In data analysis, the quantitative variables were described by mean and standard deviation or median and interquartile range. Categorical variables were described by absolute and relative frequencies. The Shapiro-Wilk test was applied to assess the normality of continuous data. In order to compare means between dockworkers with and without the presence of the outcome (low back pain or dorsalgia), Student’s t test for independent samples was applied. In the case of asymmetry (presence of extreme values), the Mann-Whitney test was used. To compare proportions between dockworkers with and without the presence of the outcome, Pearson’s chi-square or Fisher’s exact tests were used and the Poisson Regression analysis was adopted to control for confounding factors. The criterion used to include variables in the model was presenting p-value < 0.20 in the bivariate analysis and the criterion for it to remain in the model was presenting a p-value < 0.10 in the final model. The significance level adopted was 5% (p ≤ 0.05) and analyses were performed in the SPSS program version 21.0 (IBM, Armonk, NY, USA).

All subjects voluntarily signed free and informed consent forms to be included in the study, which was conducted in accordance with the Declaration of Helsinki and the protocol was approved by the Institutional Review Board at the Federal University of Rio Grande (No. 23116.004481/2013-53).

3. Results

The sample was composed of 232 men aged 48.7 years old (±10.4) on average, with most between 40 and 59 years of age (60.3%); were Caucasian (56%); married (60.8%); and alcoholic (51.3%). The sample’s characterization is presented in

Table 1. Sample’s characterization (n = 232).

Variables	n = 232
Age (years)—mean ± SD 1	48.7 ± 10.4
Age—n (%)
<40 years old	50 (21.6)
40 to 59 years old	140 (60.3)
≥60 years old	42 (18.1)
Race—n (%)
Caucasian	130 (56.0)
Afro-descendent	54 (23.3)
Mixed race	34 (14.7)
Indigenous	6 (2.6)
Asian descendent	8 (3.4)
Marital status—n (%)
Single	49 (21.1)
Married	141 (60.8)
Widowed	7 (3.0)
Separated/Divorced	35 (15.1)
Education—n (%)
Illiterate	3 (1.3)
Incomplete Primary School	67 (28.9)
Complete Primary School	35 (15.1)
Incomplete high school	22 (9.5)
Complete high school	86 (37.1)
Some college studies	10 (4.3)
Bachelor’s degree or higher	9 (3.9)
Smoker—n (%)	59 (25.4)
Alcoholic—n (%)	119 (51.3)
Illegal drug use—n (%)	29 (12.5)
Self-medication for musculoskeletal pain—n (%)	77 (33.2)

¹ Standard Deviation.

.

The predominant number of participants had completed high school (37.1%) and had a median monthly income of R$3800.00 (equivalent to $1022.70); 25.4% were smokers and 12.5% used some type of illegal drug in their daily routines. The drugs most frequently used were marijuana (n = 27; 11.6%) and cocaine (n = 6; 2.6%).

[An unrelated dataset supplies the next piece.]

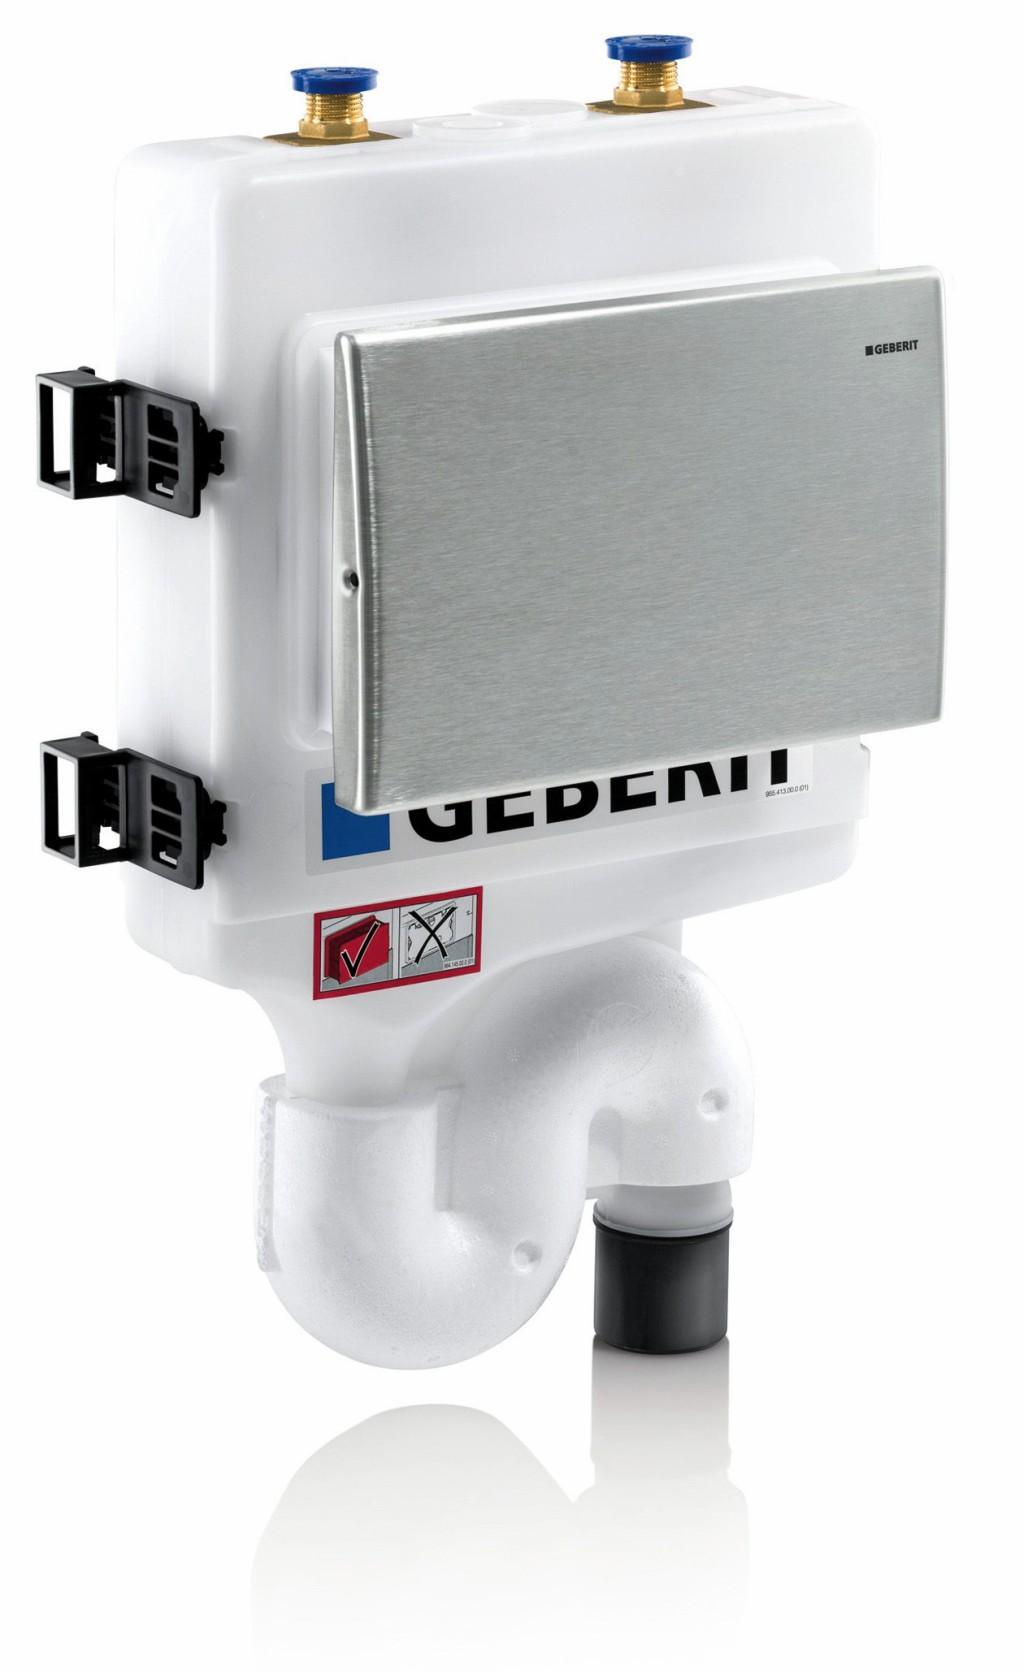 Die Geberit Hygienespülung sorgt für den bestimmungsgemäßen und sicheren Betrieb von Trinkwasser-Installationen. Sie erfüllt die Schallschutzanforderungen nach VDI 4100 und DIN 4109 sowie die Geräuscharmaturenklasse gemäß EN ISO 3822–1. Bild: Geberit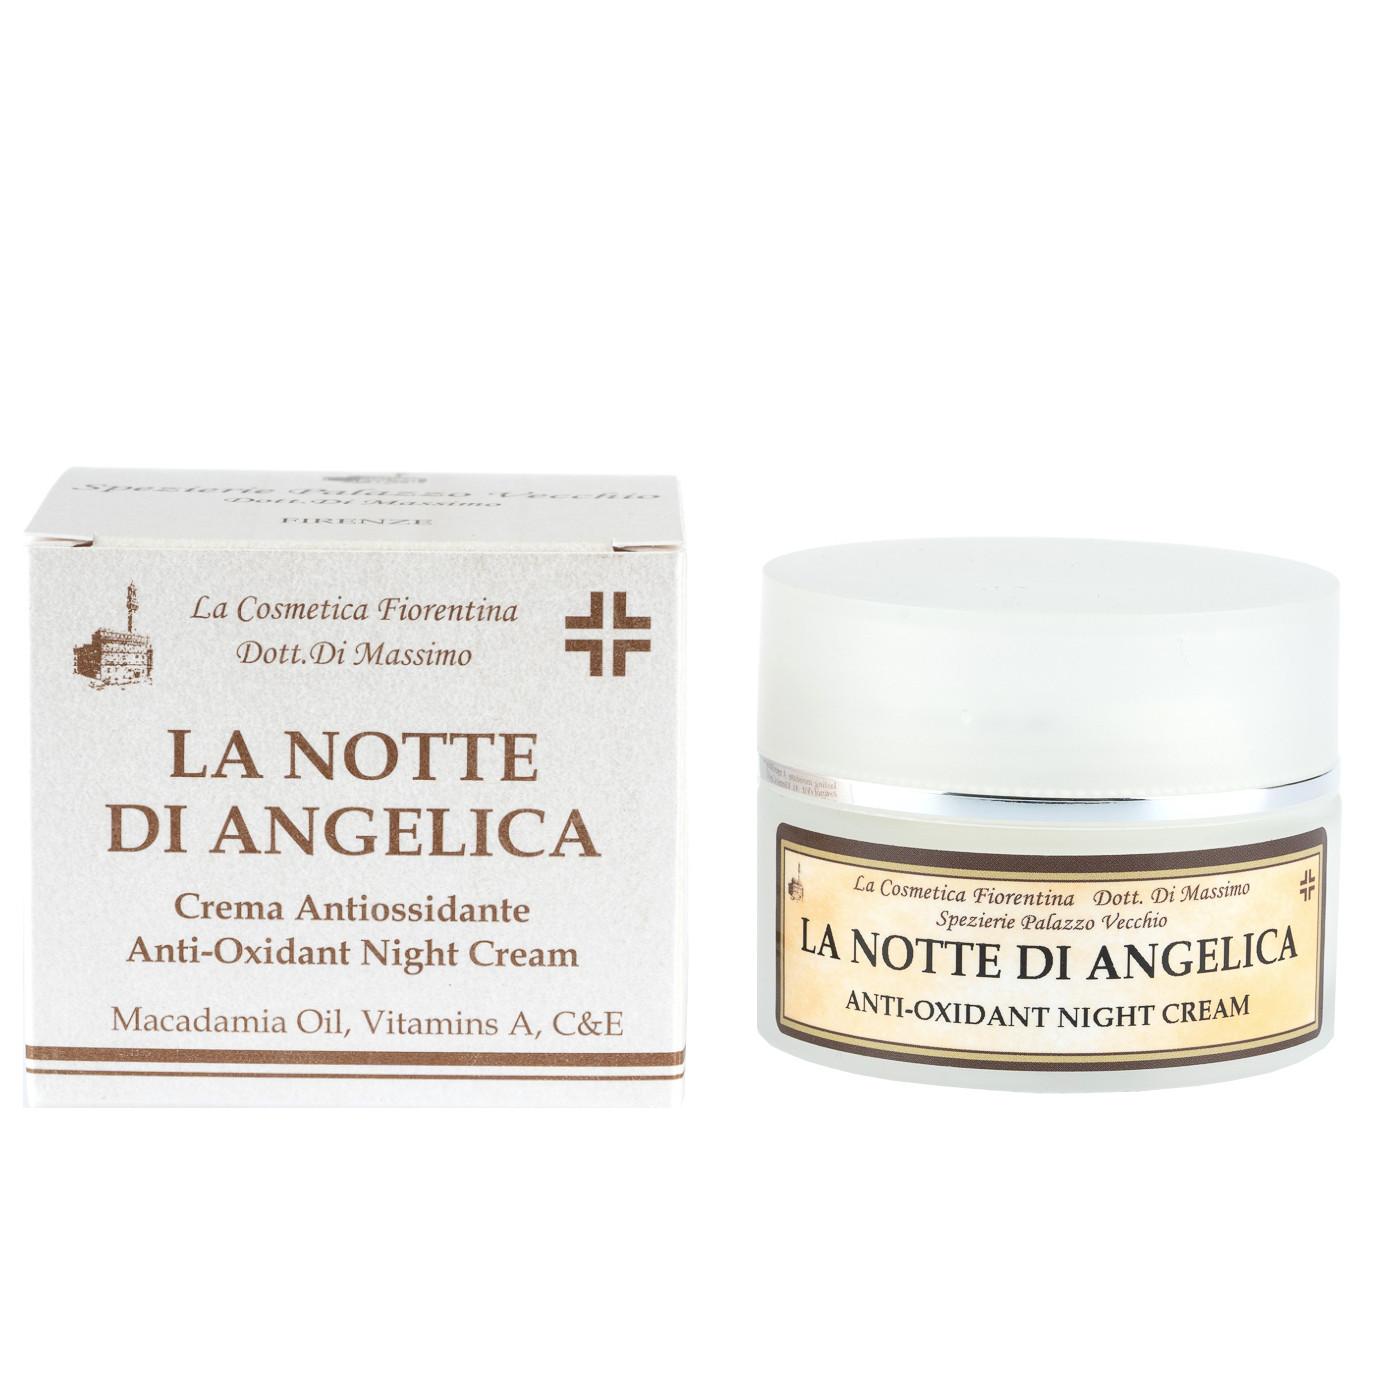 LA NOTTE DI ANGELICA - ANTI-OXIDANT NIGHT CREAM -0

The function that appeared predominant in the work data was that of quayside workers (58.6%). Time working in the function was high, with a mean of 24.3 years (±11.4). Workdays comprised 7.2 h (±2.4) on average. The robust variable (time vs. hours) presented a median of 150 h vs. years and most individuals worked both on the day and the night shifts, depending on what was available on the schedule (76.7%).The scores assigned to the workload demanded by the tasks performed at the port and the work data are presented in

Table 2. Work data (n = 232).

Variables	n = 232
Function—n (%)
Quayside workers	136 (58.6)
Longshoremen	79 (34.1)
Cargo checkers	17 (7.3)
Time working in the sector (years)—mean ± SD 1	24.3 ± 11.4
Monthly income (Real)—md 2 (P25 3–P75 4)	1016.94 (749.32–1338.07)
Work hours—mean ± SD	7.2 ± 2.4
Robust variable/(hours versus years)—Md (P25–P75)	150 (120–210)
Work shift—n (%)
Only day shift	32 (13.8)
Only night shift	16 (6.9)
Night/Day shifts	184 (79.3)
Scores assigned to workload demanded by tasks performed in the port—mean ± SD
Mental demand	13.0 ± 5.1
Physical demand	14.3 ± 5.0
Temporal demand	11.5 ± 5.7
Performance	16.1 ± 4.5
Total effort	14.9 ± 5.1
Level of frustration	9.8 ± 6.4

¹ Standard deviation; ² Median; ³ Percentile 25; ⁴ Percentile 75.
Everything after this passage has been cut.